───── GIVEN INFORMATION ─────

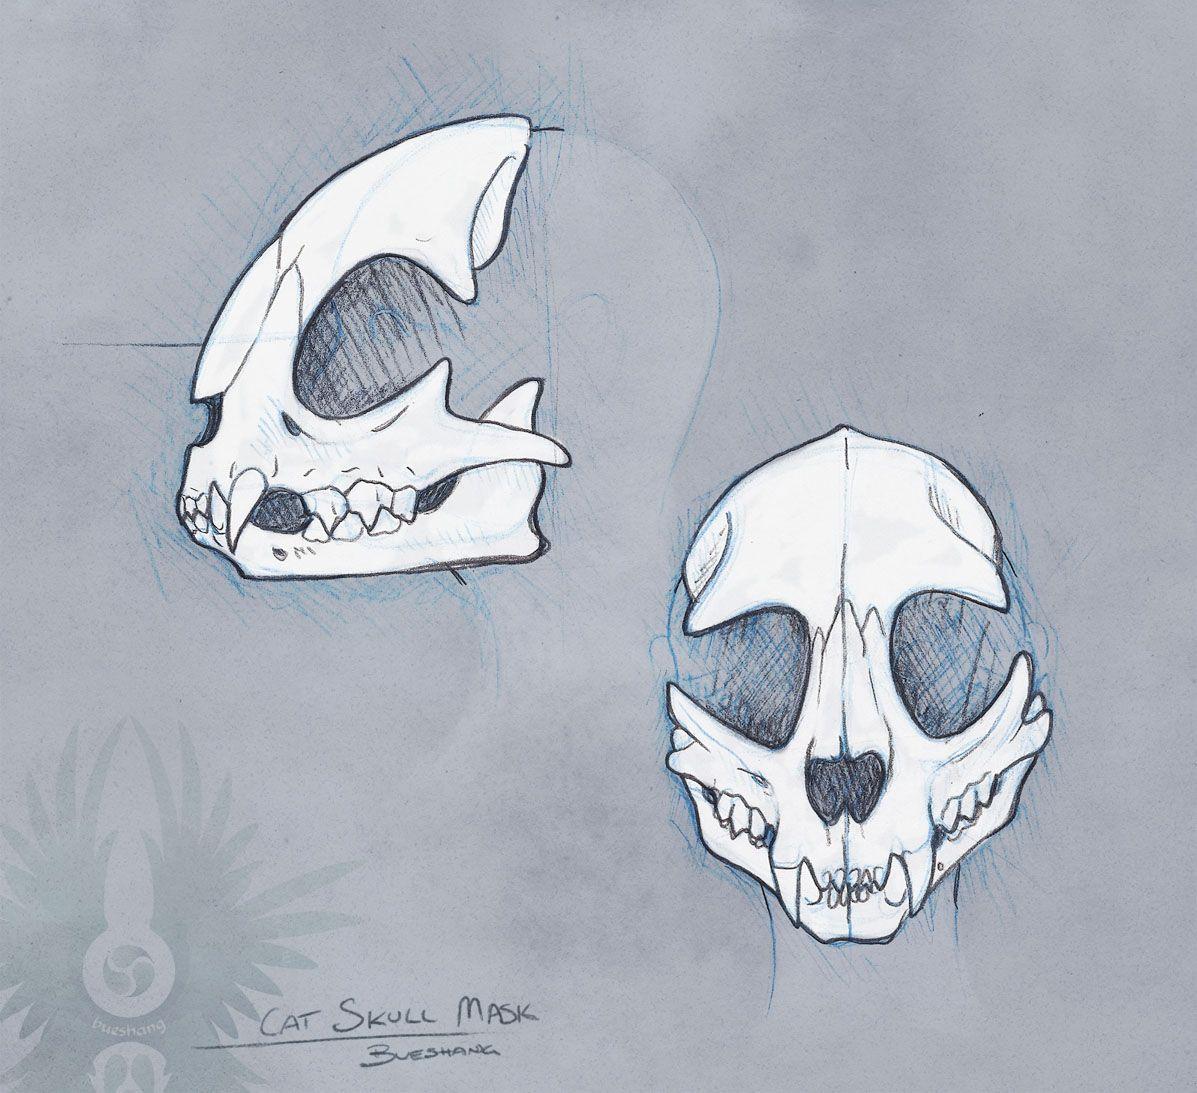 Sketch Cat Skull Mask By Bueshang D6xf47i Jpg 1197 1093 Cat Skull Mask Drawing Skull Mask
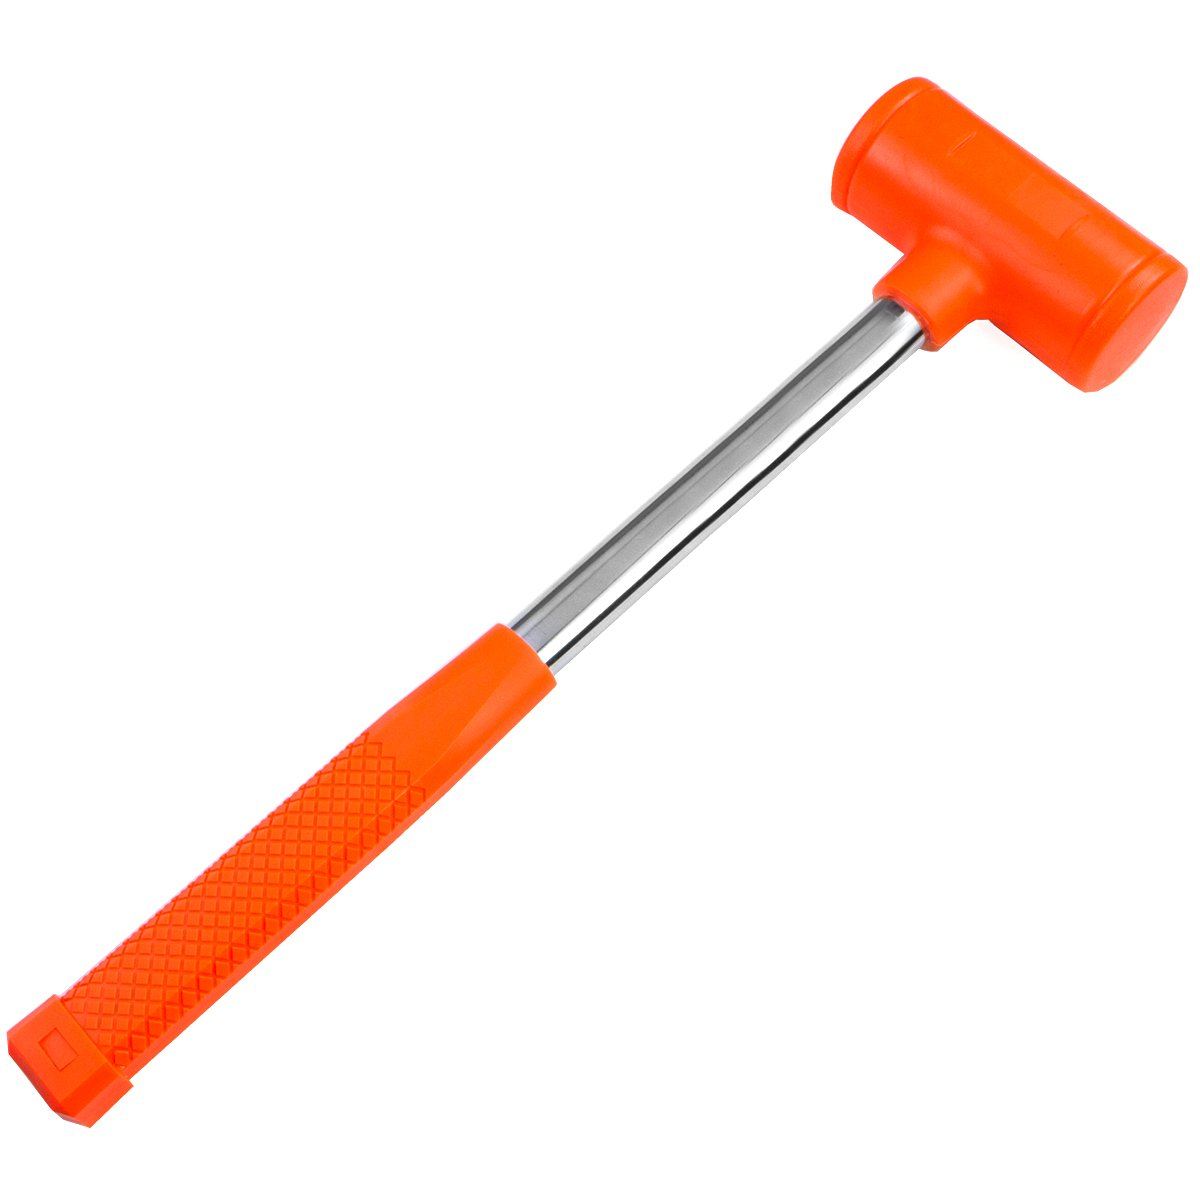 STKUSA Dead Blow Hammer 6Lb
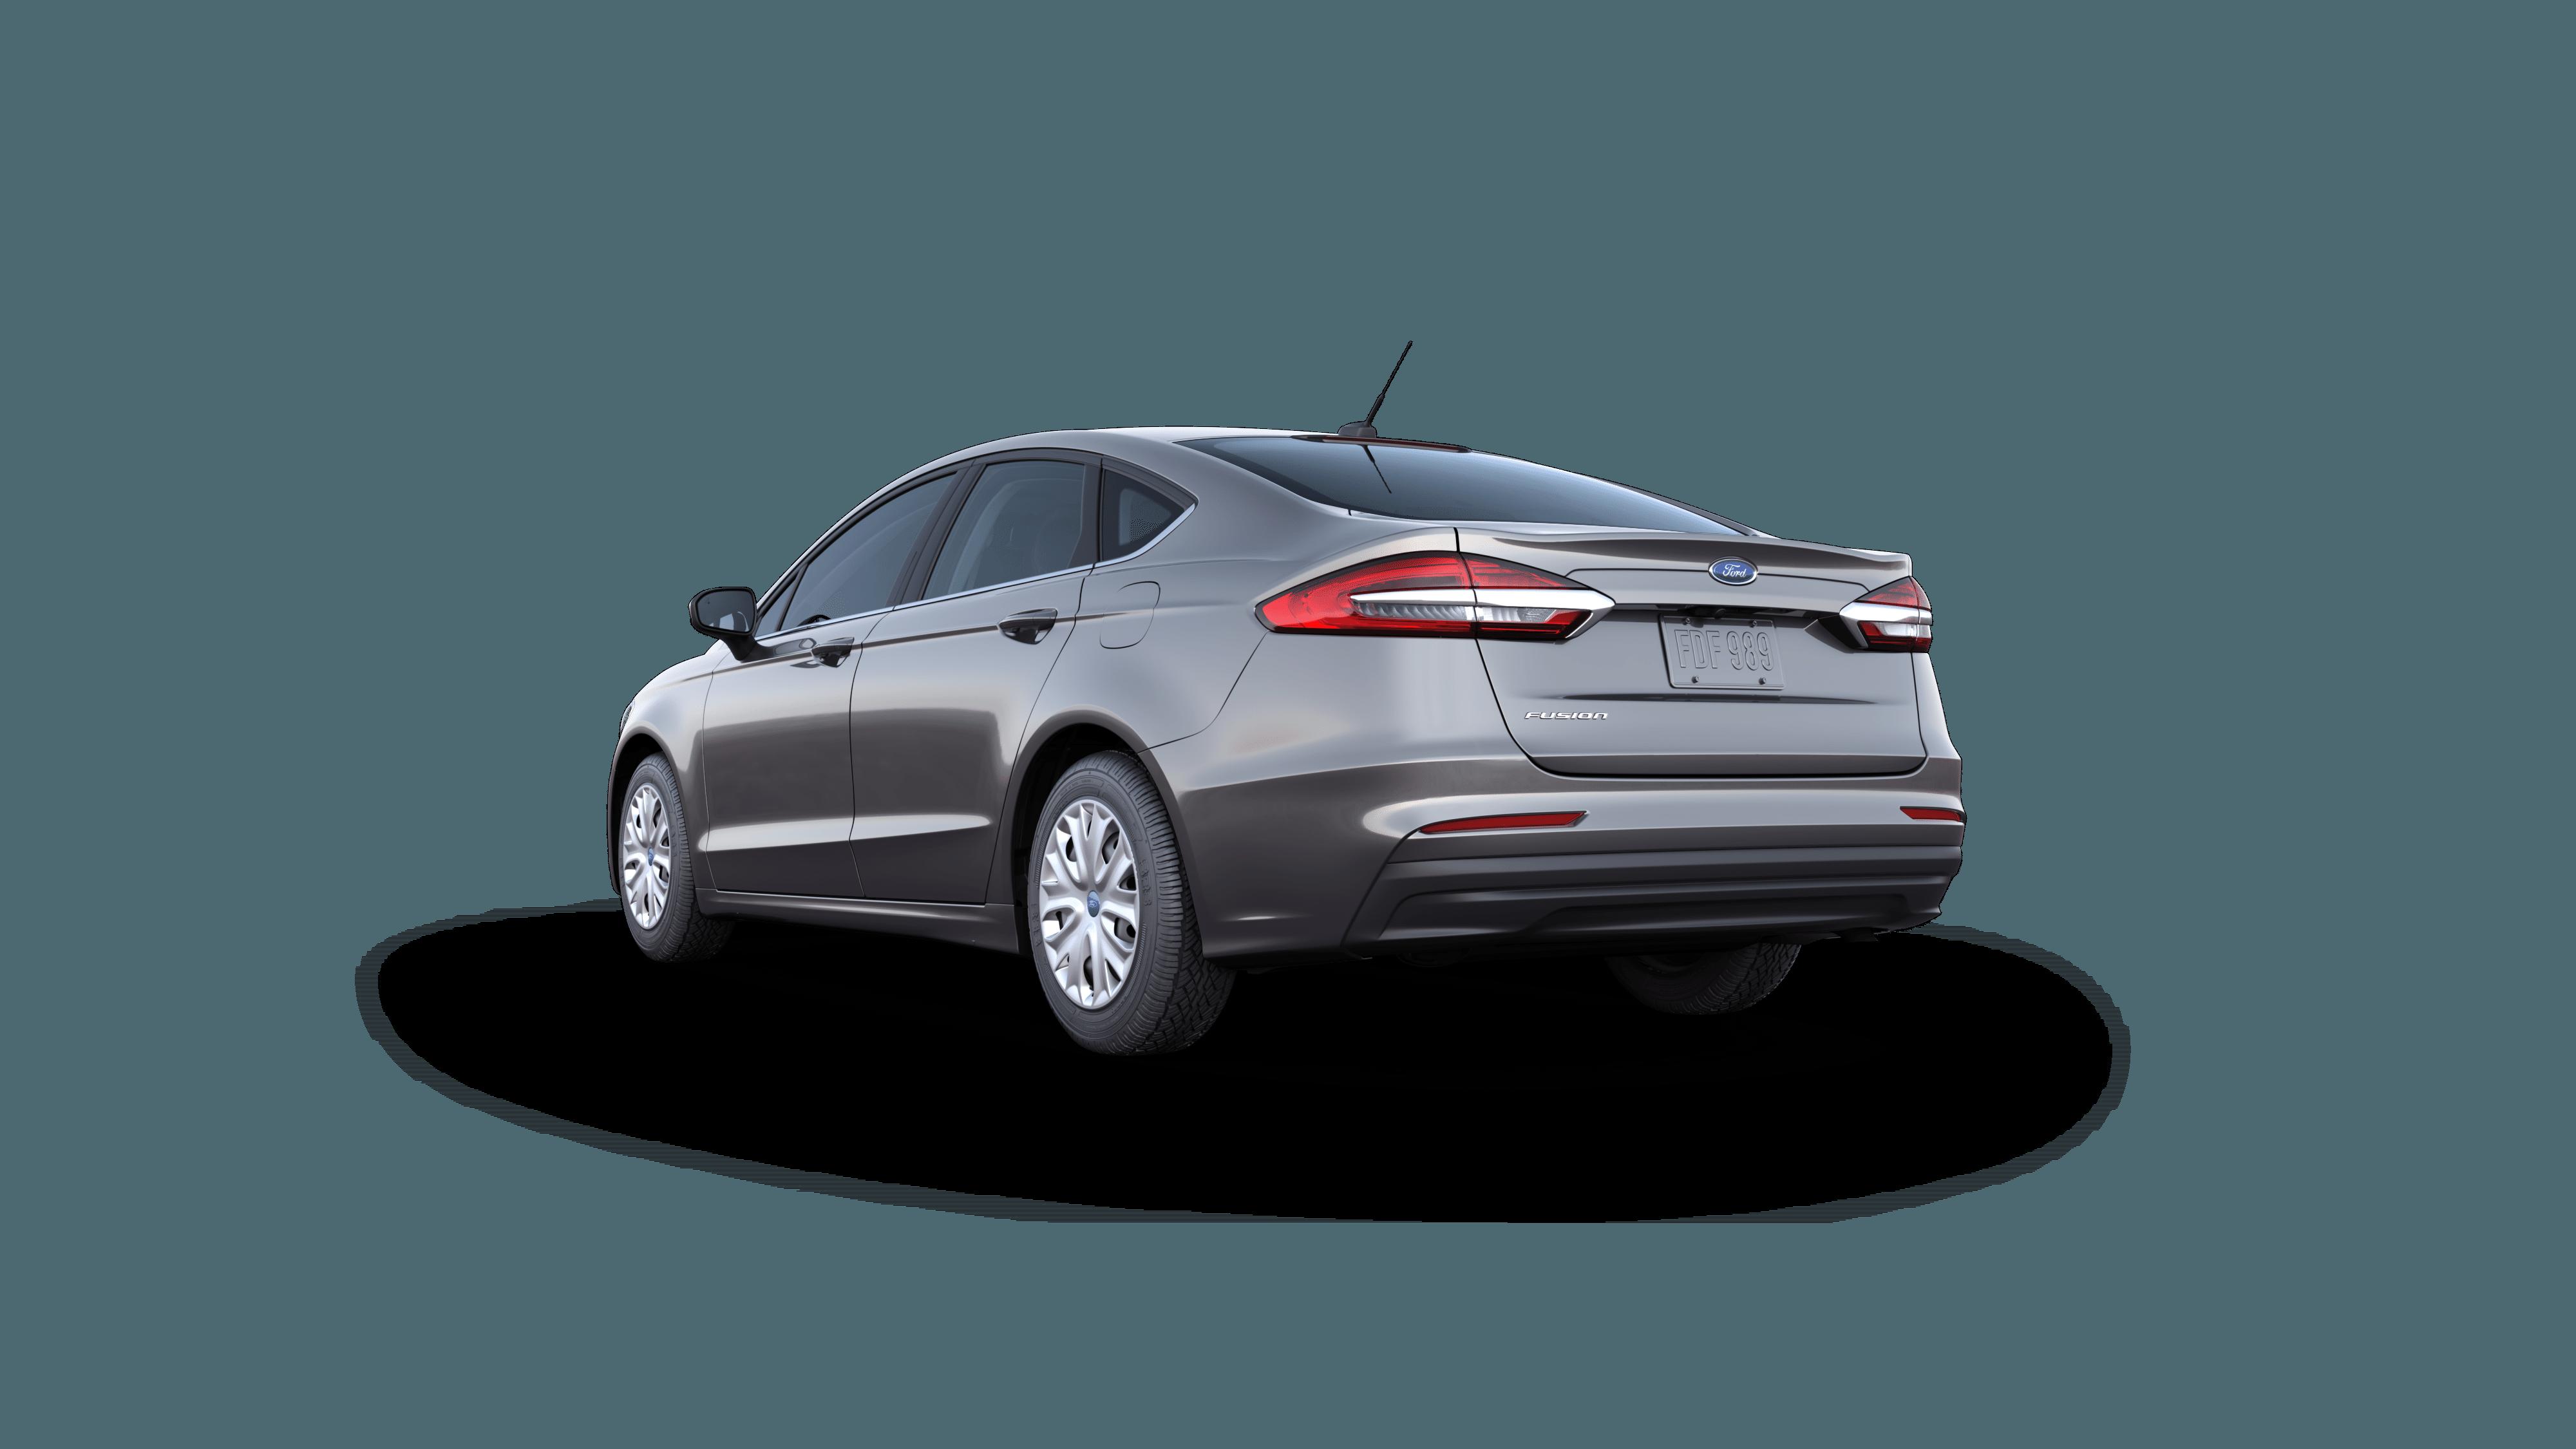 2019 Ford Fusion Vehicle Photo in Okmulgee, OK 74447

─────

WHAT TO PRODUCE:
Word for word, repeat all the data, but not its images.

RESPONSE BELOW:
 Sketch Cat Skull Mask By Bueshang D6xf47i Jpg 1197 1093 Cat Skull Mask Drawing Skull Mask
 STKUSA Dead Blow Hammer 6Lb
 2019 Ford Fusion Vehicle Photo in Okmulgee, OK 74447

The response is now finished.